Quote from: RE on Apr 30, 2025, 06:53 PMYes big money for back then, but still wasn't straight out of college.True. It was with minimal maturity, a distinct lack of experience in the particular technical exercise. You put out a number for K-Dog of 6 figures towards the end of a career, this number is more the opposite.
Quote from: REThe point here though is how what sounds like big money to a Boomer really isn't anymore, and those lucky few Gen Zs who manage to get 6 figures are by 1980 standards getting a very average salary.30-40 years of inflation will tend to do that naturally. And your "sounds like to a boomer" is a perspective of those who remember salaries from our early days, which was a long time ago.
Straight out of college I've got a sample size of 2, one started at $50k and the other at $35K. Those two examples both thought it sounded like a bunch of money, but us "boomers" didn't.
Quote from: RE$100K today is $20K 1978 dollars. Your typical middle management drone made $20K. Union Plumbers straight outta HS made $20K.

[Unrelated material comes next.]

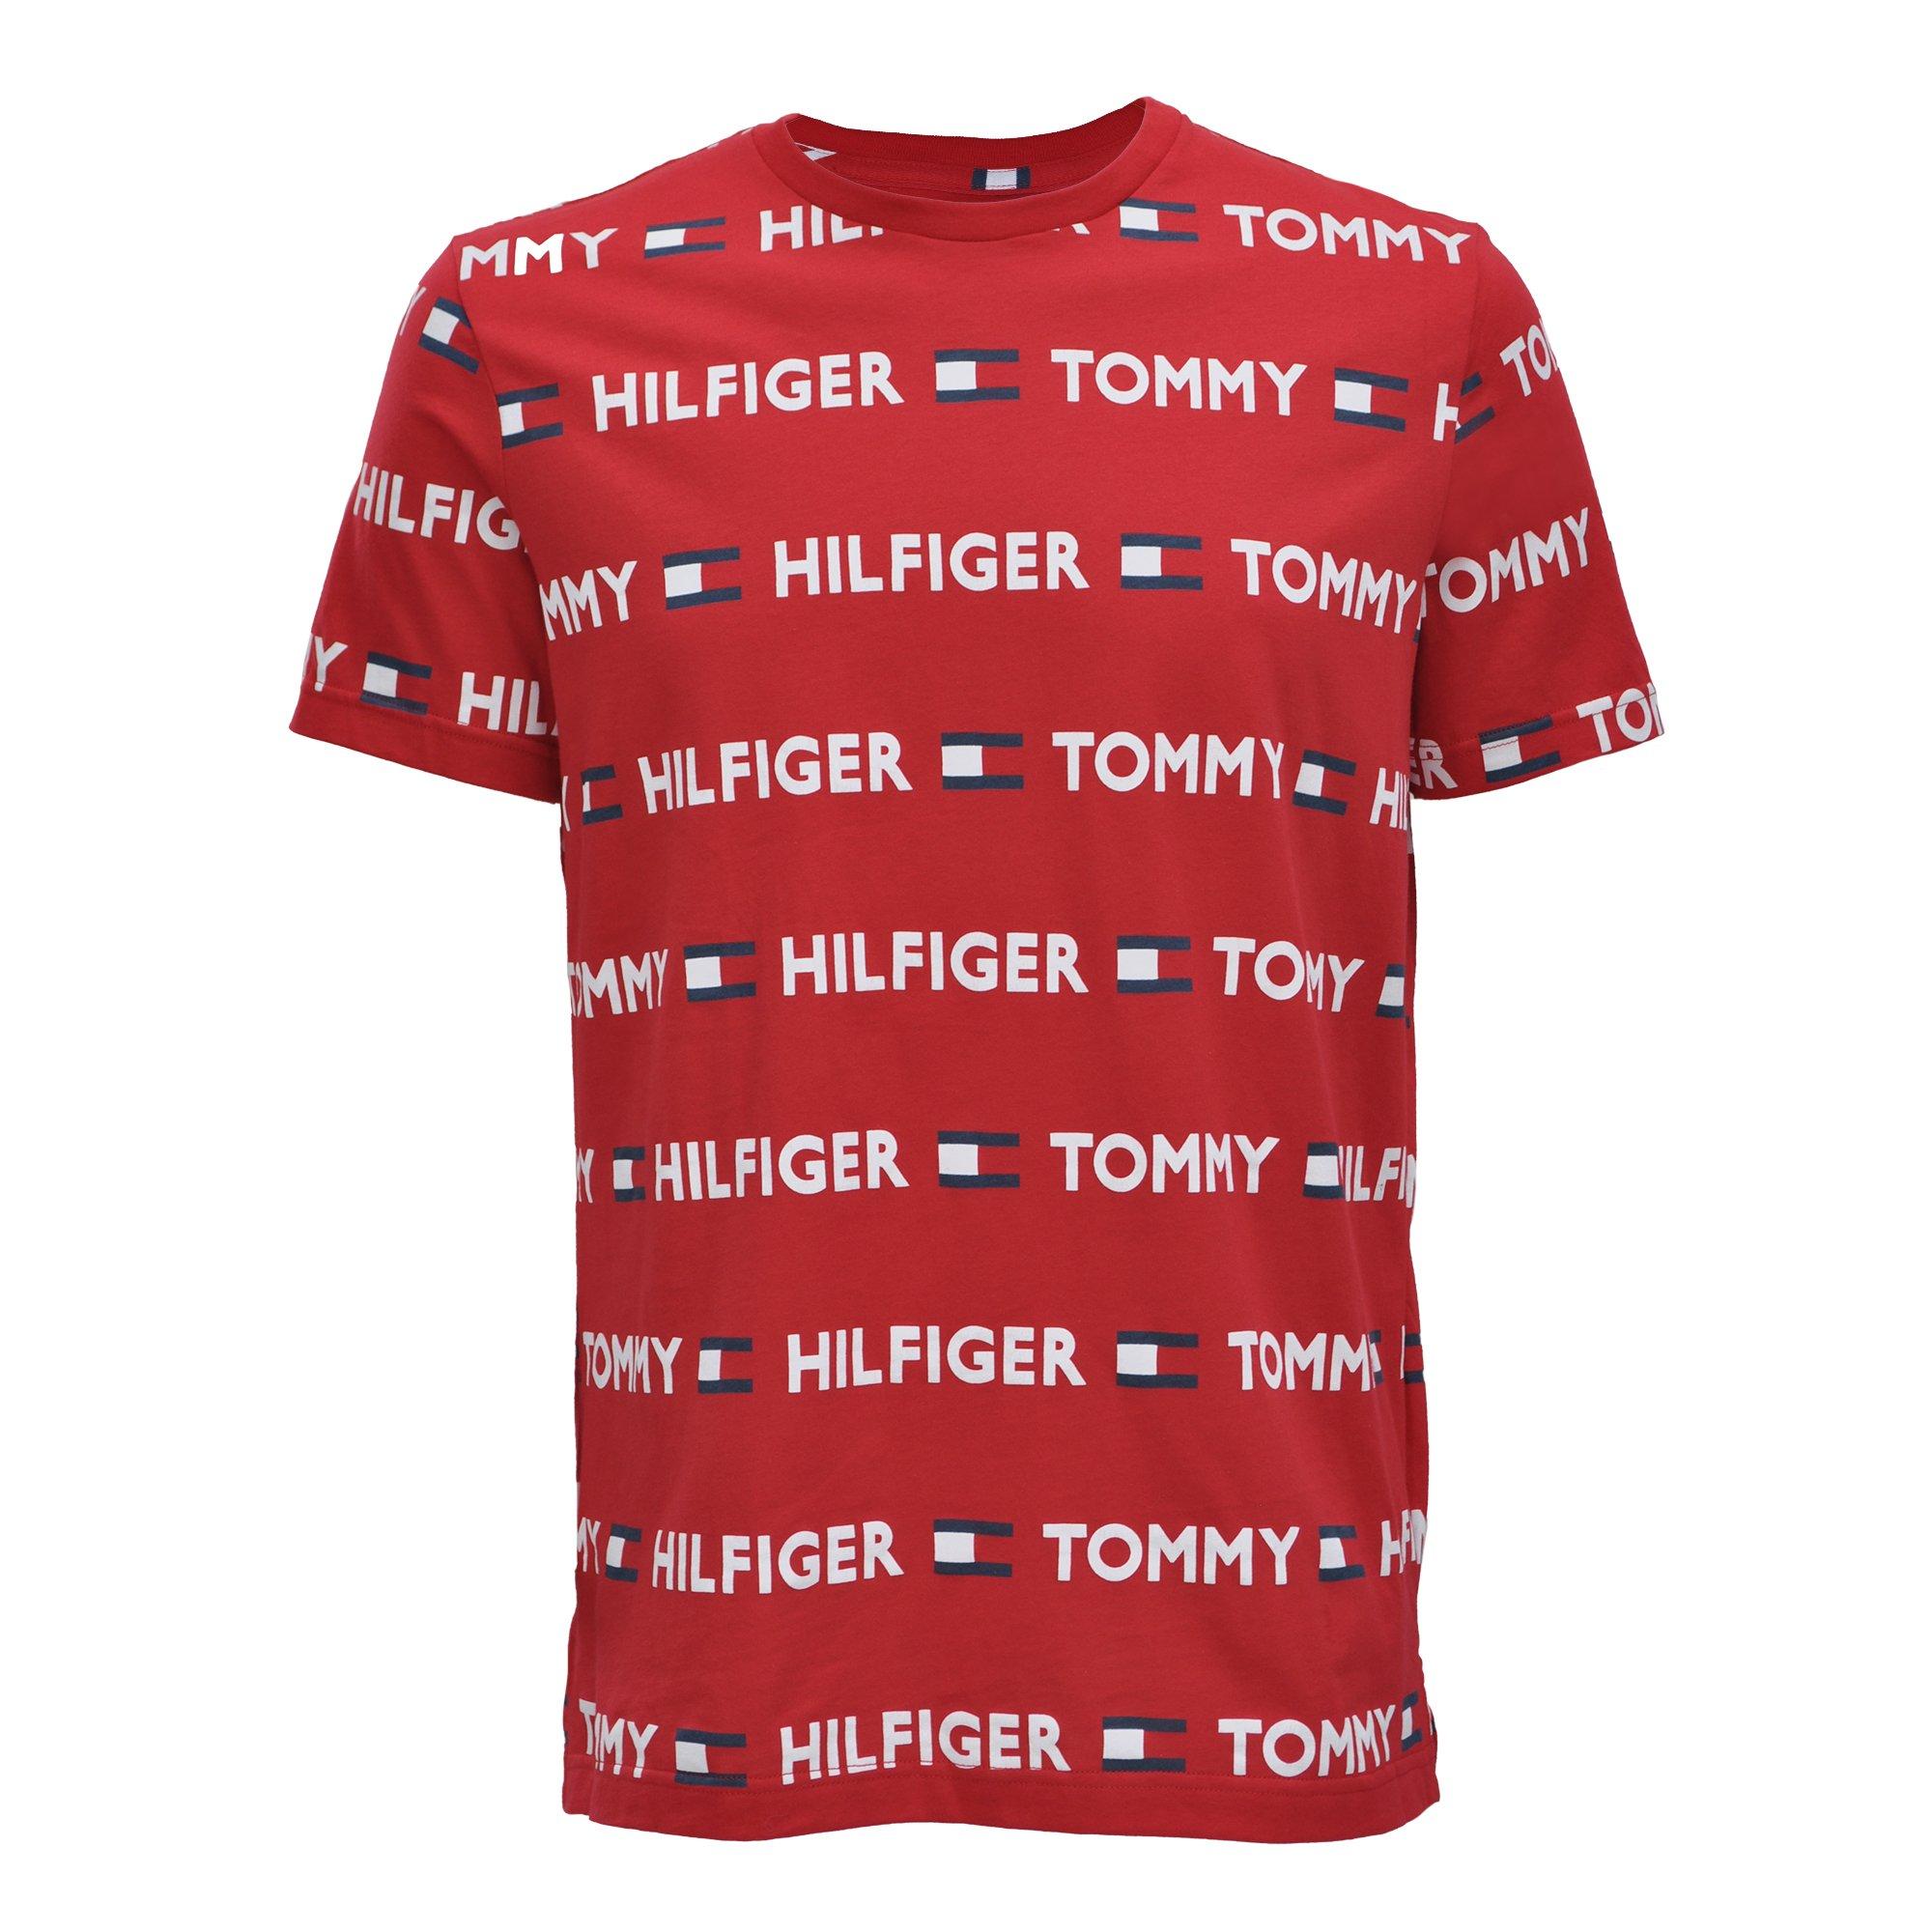 Admin udluftning Indtil Tommy Hilfiger Men's All-Over-Print Logo "Red" Tee

So? None of this is surprise to anyone familiar with the time value of money. I agree that purchasing power in real dollars is different today than it was in yesteryear, but that statement probably holds true across any say half century time gap.
As far as WHO makes what, that is entirely market driven. I was under the impression that America was creating too many college graduates, compared to what tradesmen can make nowadays. Oversupply, lesser value, under supply, higher value, the economics of all these parts is still basic supply and demand.
America has changed from a manufacturing economy to a service economy as well, another shift along the way that trumpster doesn't seem to get. No one wants to work in a factory manufacturing stuff. So to get them inside America, you will pay more for labor no matter what. Can't wait to see what tomato pickers get paid after trump runs off all the field hands. I'll bet it still won't be enough for pussy American teenagers to do it.